# Pulling ground rod out!



## renimus (Aug 1, 2008)

Hi all, I was wondering if any of you knows of a efficient method to pull ground rod out? PG&E required from us to pull it out saying it's too close to their gas line. Anything other than good old digging?


----------



## randas (Dec 14, 2008)

farm jack


----------



## ponyboy (Nov 18, 2012)

If there's an excavator or skid steer available you can clamp a vice grip on it and pull it straight out using the teeth on the bucket. 

FYI I'd probable telling the gas company to pound sand.


----------



## glen1971 (Oct 10, 2012)

back hoe/track hoe/bobcat...


----------



## KDC (Oct 19, 2012)

A farm jack/jackall. Get something choked around the end of the rod, loop over the jack, jack it up, slide the choke down, repeat.


----------



## Bkessler (Feb 14, 2007)

ponyboy said:


> If there's an excavator or skid steer available you can clamp a vice grip on it and pull it straight out using the teeth on the bucket. FYI I'd probable telling the gas company to pound sand.


I might abandon it but f pulling it out.


----------



## drspec (Sep 29, 2012)

what type of soil? if its sandy you could probably pull it with channelocks

clay? good luck


----------



## Next72969 (Dec 9, 2012)

I always pound my rod close to gas lines :laughing:


----------



## 480sparky (Sep 20, 2007)

JackJaw.


----------



## ponyboy (Nov 18, 2012)

Bkessler said:


> I might abandon it but f pulling it out.

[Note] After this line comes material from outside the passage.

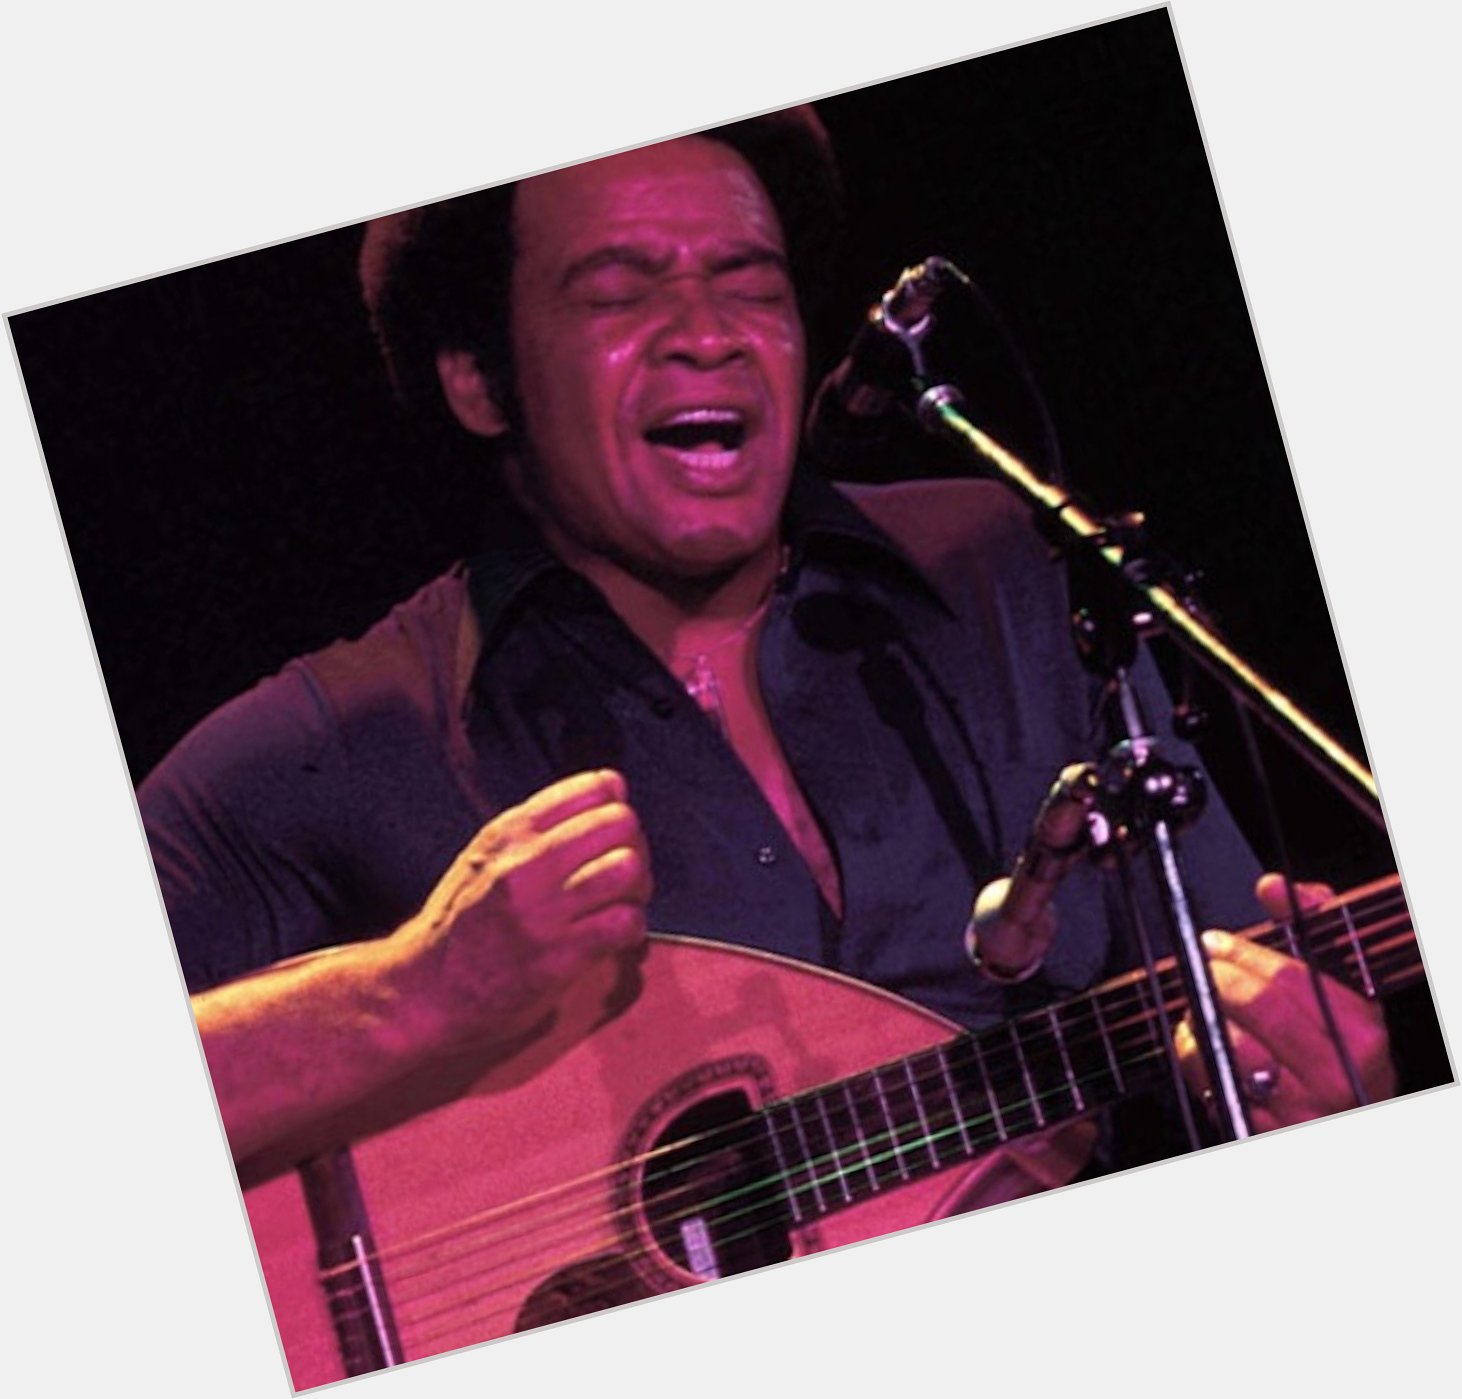 HAPPY BIRTHDAY BILL WITHERS BORN ON THIS DAY JULY 4, 
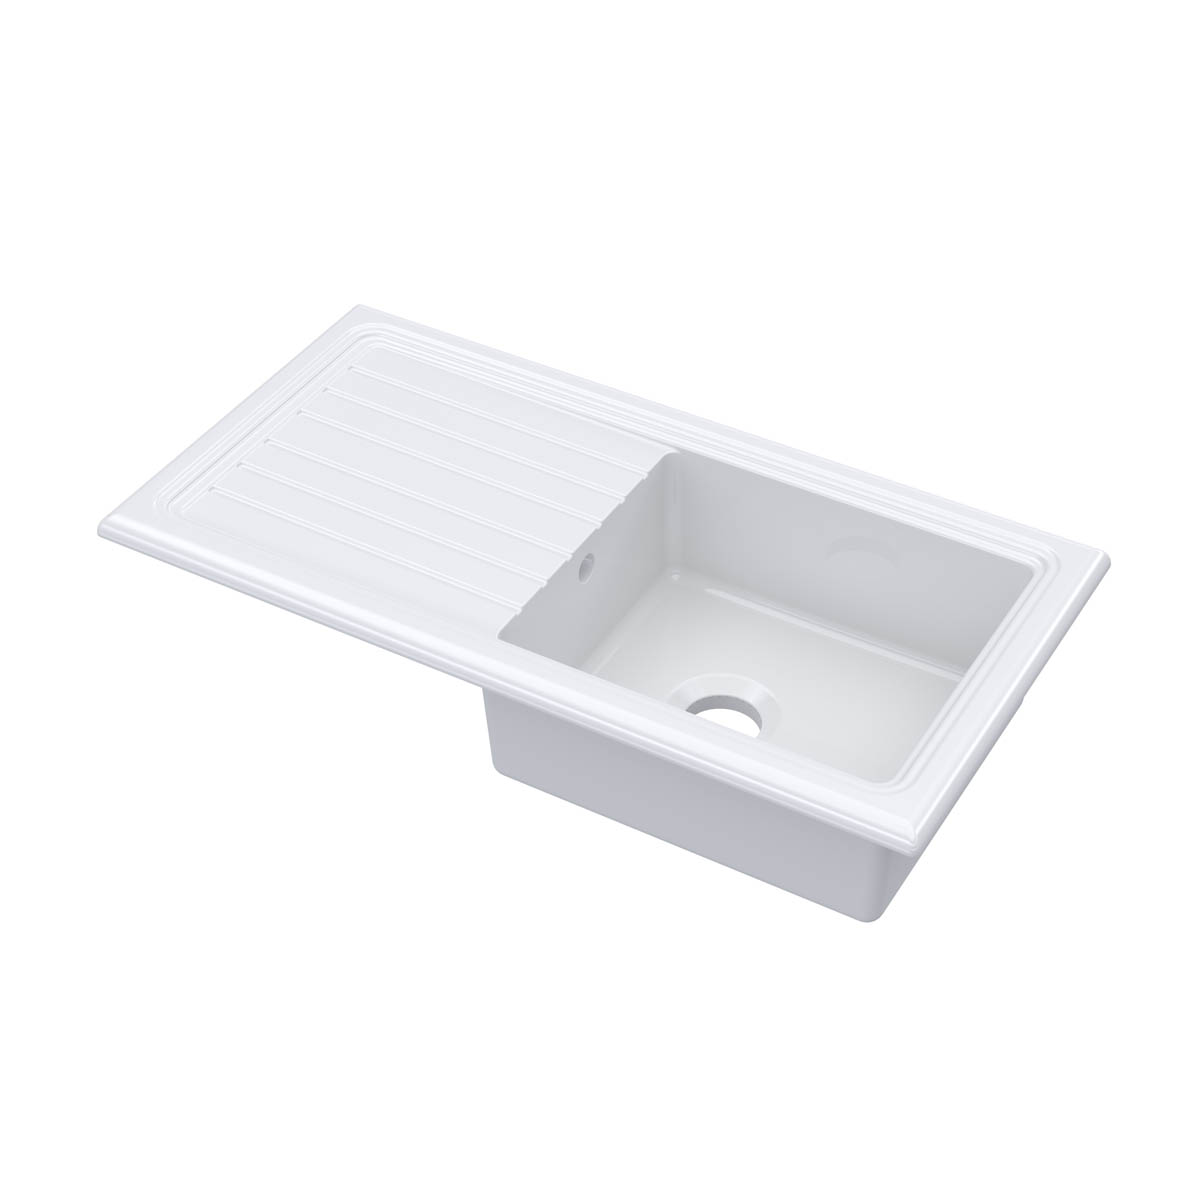 Nuie 1010x525mm 1 Bowl Inset Sink - White (20306)

Sounds like the gas co is getting a stiffy because it's there at all. They probably don't care whether or not someone's using it


----------



## Next72969 (Dec 9, 2012)

480sparky said:


> JackJaw.


Thats a copper thiefs dream


----------



## HARRY304E (Sep 15, 2010)

renimus said:


> Hi all, I was wondering if any of you knows of a efficient method to pull ground rod out? PG&E required from us to pull it out saying it's too close to their gas line. Anything other than good old digging?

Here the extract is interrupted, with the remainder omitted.